Rawi Abdelal. Capital Rules: The Construction of Global Finance. Harvard University Press, 2009.

“Eric Helleiner gives the clearest historical account of how the world moved from restricted capital flows in the 1950s to open and integrated financial markets by the 1980s. He takes readers through the emergence of the “embedded liberal order,” the challenges it faced in the 1960s, and its denouement in the 1970s and 1980s. Combining economic and political analysis, Helleiner shows how the neoliberal order that has emerged is not a turnaway from the state but rather dependent on the state for its deployment and operation. Privatization, deregulation, and openness, he argues, mark less the withdrawal of the state than its redeployment in support of a pro-market position. Rawi Abdelal’s book builds upon Helleiner’s, explaining why the neoliberal order took the form it did. For Abdelal, what is most striking about the current open financial order is the number of rules it has. Far from seeing a “flat” world where economic forces run roughshod over powerless governments, Abdelal sees a rule-governed world where globalization has a French, not an American, accent. He argues that a group of French politicians operating within the “more state than market” institutions of the European Union, the Organization for Economic Cooperation and Development, and the IMF constructed the rules for global capital, institutionalizing on a global level the types of practices usually associated with the state on sovereign and domestic levels.”

Charles Morris. Trillion Dollar Meltdown: Easy Money, High Rollers, and the Great Credit Crash. PublicAffairs, 2008.

“Easily the best early analysis of the problems.”

Joseph Stiglitz. Free Fall: America, Free Markets, and the Sinking of the World Economy. W. W. Norton & Company, 2010.

“Very valuable, with firm understandings of many aspects of the crisis, the bailout, and the downturn.”

Liaquat Ahamed. Lords of Finance: The Bankers Who Broke the World. Penguin Press HC, 2009.

“A solid secondary-source history of financial errors since the 1920s that resonate today.”

Dean Baker. False Profits: Recovering from the Bubble Economy. PoliPoint Press, 2010.

“Published this year, and is one of the best on the financial crisis. Right on the money, concise and highly readable.”

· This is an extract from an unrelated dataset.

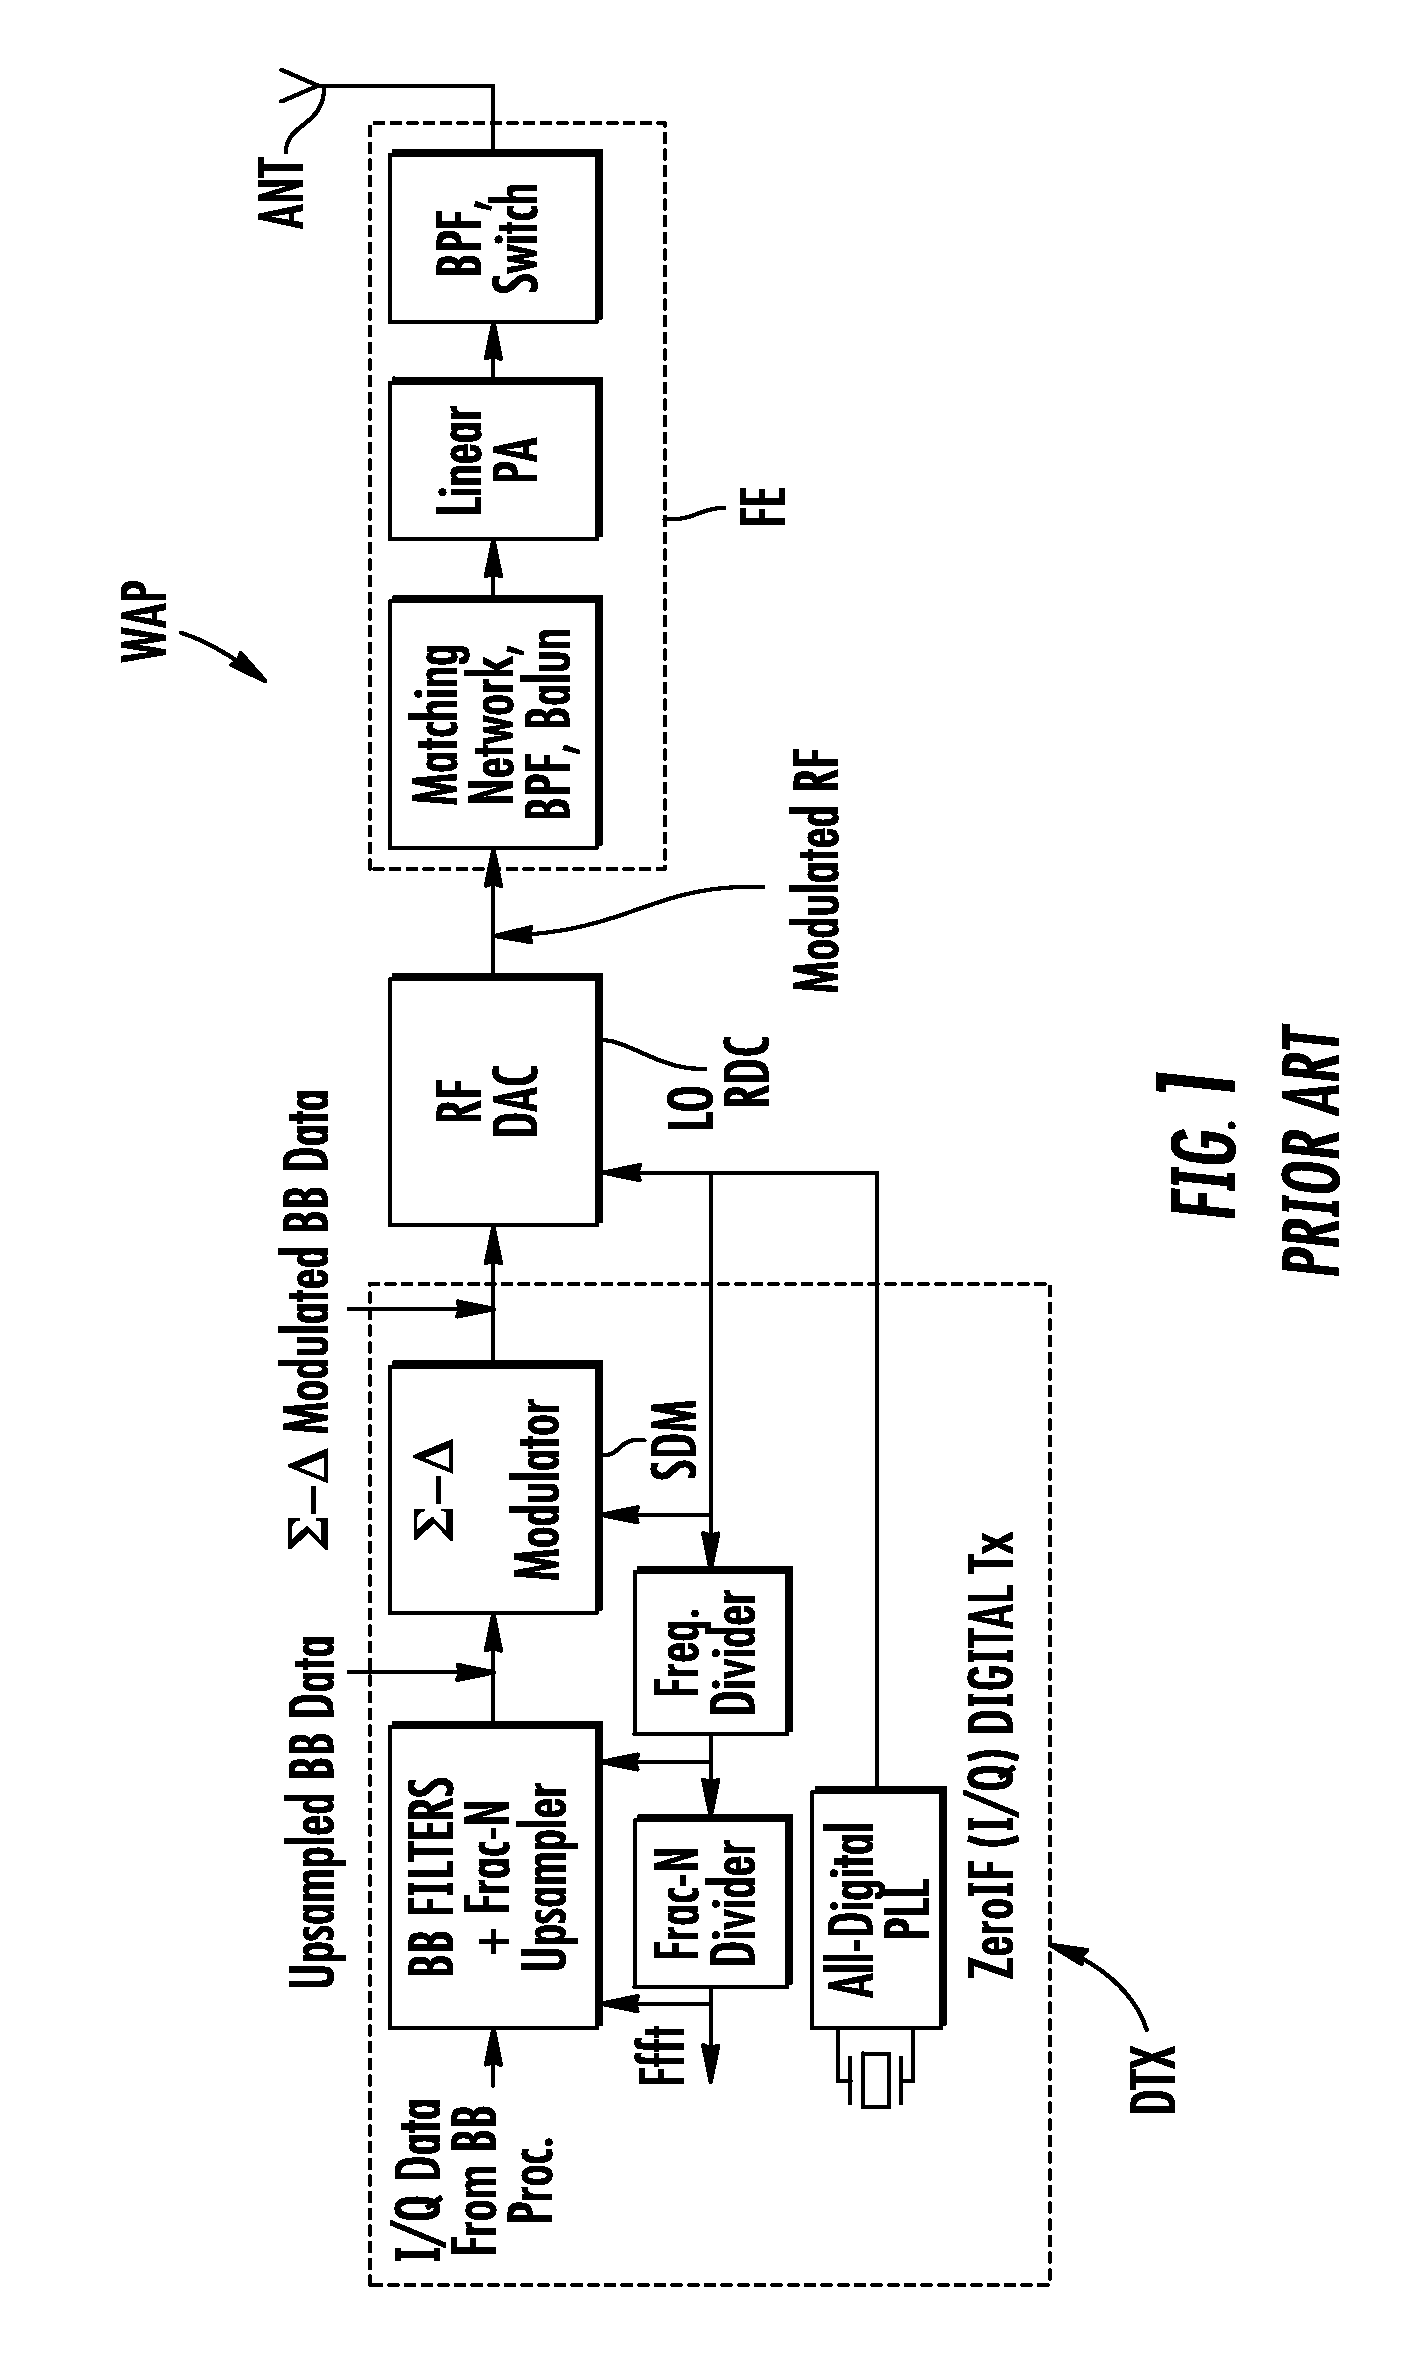 Method for notch filtering a digital signal, and corresponding electronic device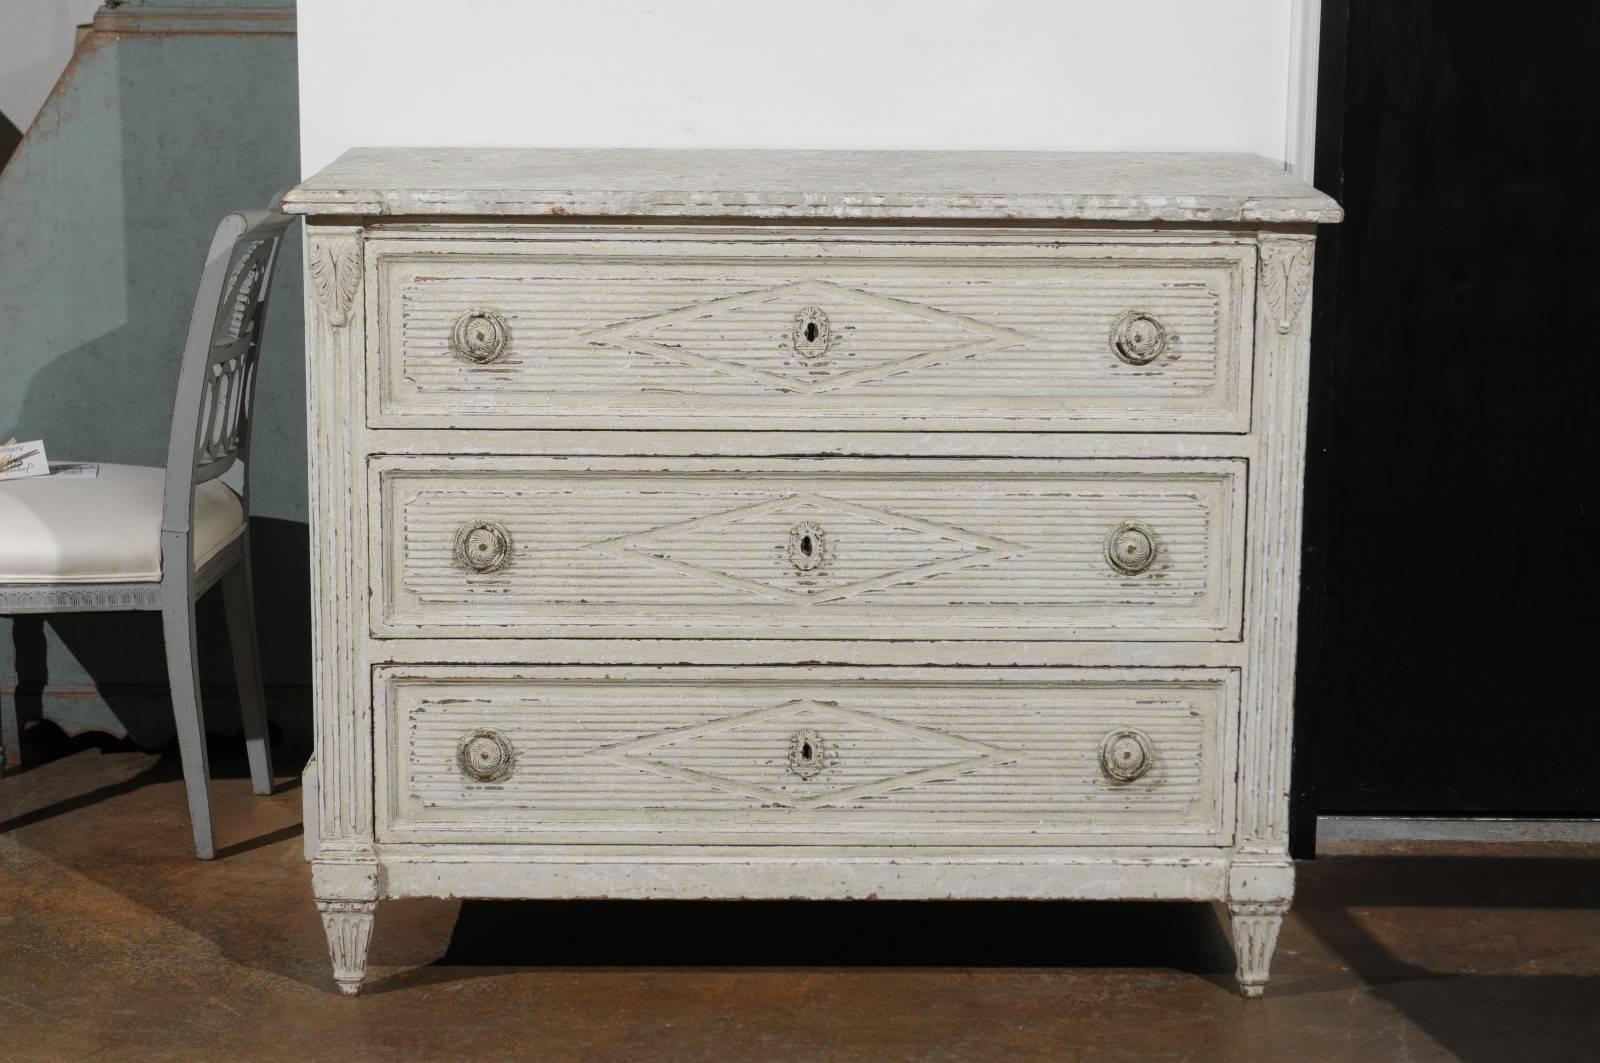 A late 18th century Danish neoclassical three-drawer commode with reeded decor and diamond motifs. Born in Denmark during the later years of the 18th century, this painted wood commode features a rectangular top with slightly protruding corners

4 Responses to “Best Books: Blogger recommendations on financial crisis”

  1. ZielonyGrzyb says:

    I would add “Animal Spirits” by Shiller and Akerlof.

  2. Kevin P. Gallagher says:

    A good one! Could you add a short paragraph as to why, along with a link to it?

  3. ZielonyGrzyb says:

    I hope, the comment function supports HTML;-)

    George Akerlof, Robert Shiller. Animal Spirits. How Human Psychology Drvies the Economy, and Why It Matters for the Global Capitalism. Princeton University Press, 2009.

    A thorough analysis showing the psychological (or behavioural) foundations of the financial crisis – a development of Keynes’s theses about the “animal spirits” driving our economies.